Jessica Chastain, Franck de Lapersonne, Tobey Maguire et Adrien Brody ont été coupés au montage pour différentes raisons.
2018 : décision « éditoriale »

   


Dans Ma vie avec John F. Donovan, prochain film de Xavier Dolan, Jessica Chastain devait jouer le rôle d’une rédactrice en chef de tabloïd. Lundi 5 février, le cinéaste québécois a annoncé que son personnage avait été coupé du film. La décision serait « éditoriale » et n’aurait rien à voir avec le jeu de l’actrice qui, de son côté, a affirmé que cela s’était « fait dans le plus grand respect et avec amour ».
2017 : boycott politique

   


En février 2017, l’acteur français Franck de Lapersonne montait sur la scène d’un meeting du Front national à Lyon pour chauffer le public.

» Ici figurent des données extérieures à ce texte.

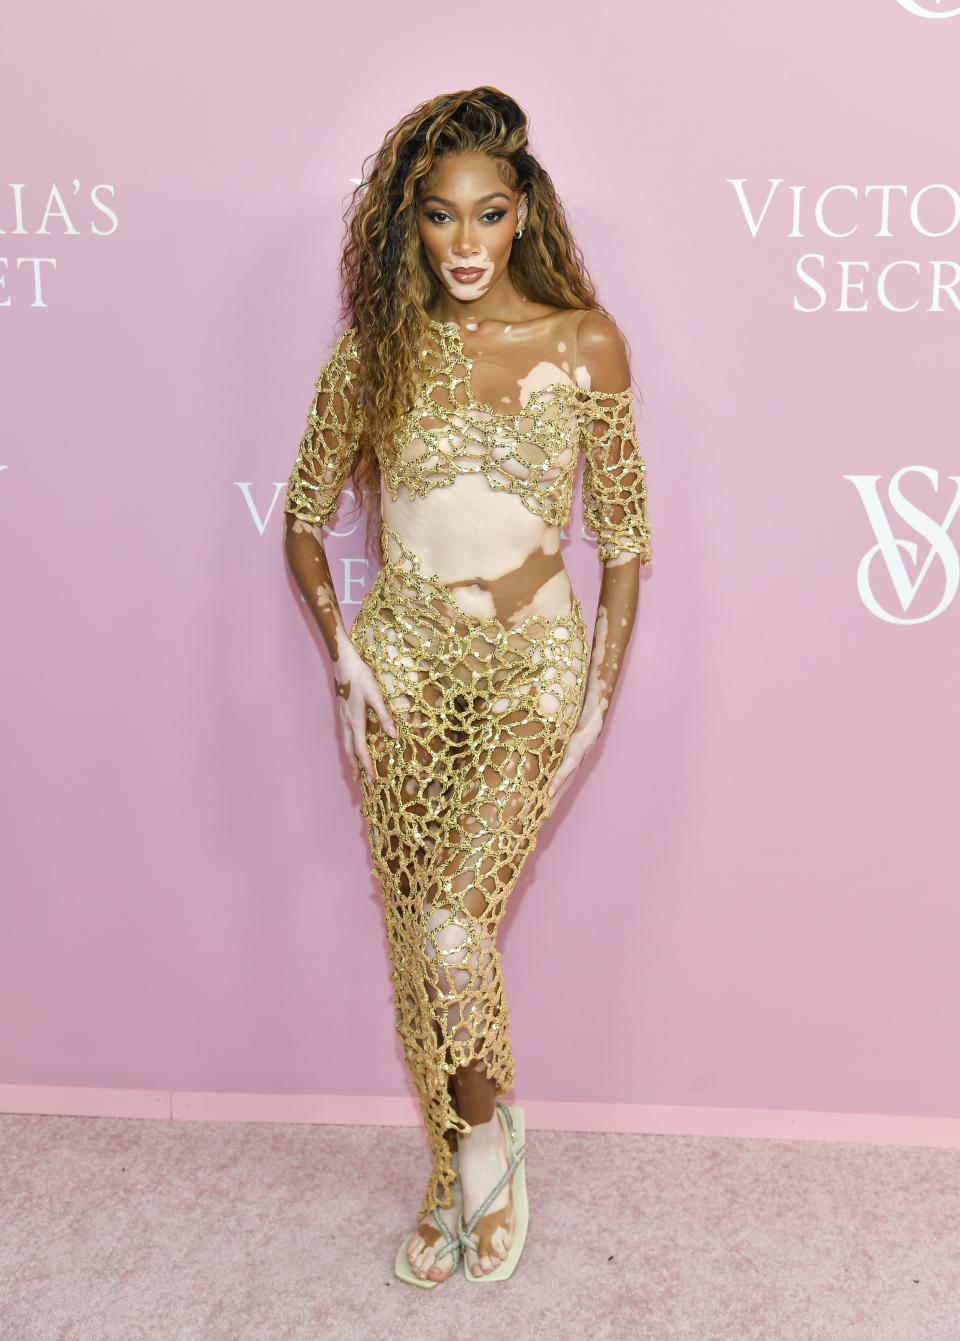 File - Winnie Harlow attends the Victoria's Secret "The Tour '23" event on Wednesday, Sept. 6, 2023 in New York. Harlow wears a crocheted look by Melissa Valdes Duque, a 24-year-old designer from Bogota, Columbia. (Photo by Evan Agostini/Invision/AP, File)

Quelques mois plus tard sortait en salle Coexister, comédie de Fabrice Éboué, dans laquelle il devait faire une apparition. Mais, à la suite de ses engagements auprès de Marine Le Pen, le réalisateur l’a coupé au montage et a retourné la scène avec un autre acteur.
2012 : excès de notoriété

   


Dans L’Odyssée de Pi, qui met en scène un jeune garçon se retrouvant sur une barque avec un tigre, Tobey Maguire devait jouer le rôle d’un écrivain qui interviewe le héros à l’âge adulte. L’acteur a été coupé au montage par le réalisateur Ang Lee et remplacé par Rafe Spall. L’argument a été que sa célébrité, acquise grâce à son rôle de Spider-Man, aurait fait tache au milieu d’un casting d’inconnus.
2009 : disparition prématurée

   


Dans Brüno, Sacha Baron Cohen se fait passer pour un journaliste de mode autrichien qui rencontre des célébrités pour des interviews décalées. Il avait invité La Toya Jackson à manger des sushis sur le corps allongé et nu d’un homme obèse, et l’avait fait parler de son frère Michael. Ce dernier est mort pendant le montage. Eu égard au deuil de la famille, la scène a été retirée du film in extremis.
1998 : liberté artistique

   


Terrence Malick a l’habitude d’improviser ses films en cours de tournage et de supprimer des personnages. En 1998, il tourne un film de guerre, La Ligne rouge, avec Adrien Brody en premier rôle. C’est du moins ce que pense l’acteur, qui passe six mois sur le tournage, un uniforme sale sur le dos. Le soir de la première, en compagnie de ses parents, il découvre à l’écran que, au final, son rôle est très secondaire.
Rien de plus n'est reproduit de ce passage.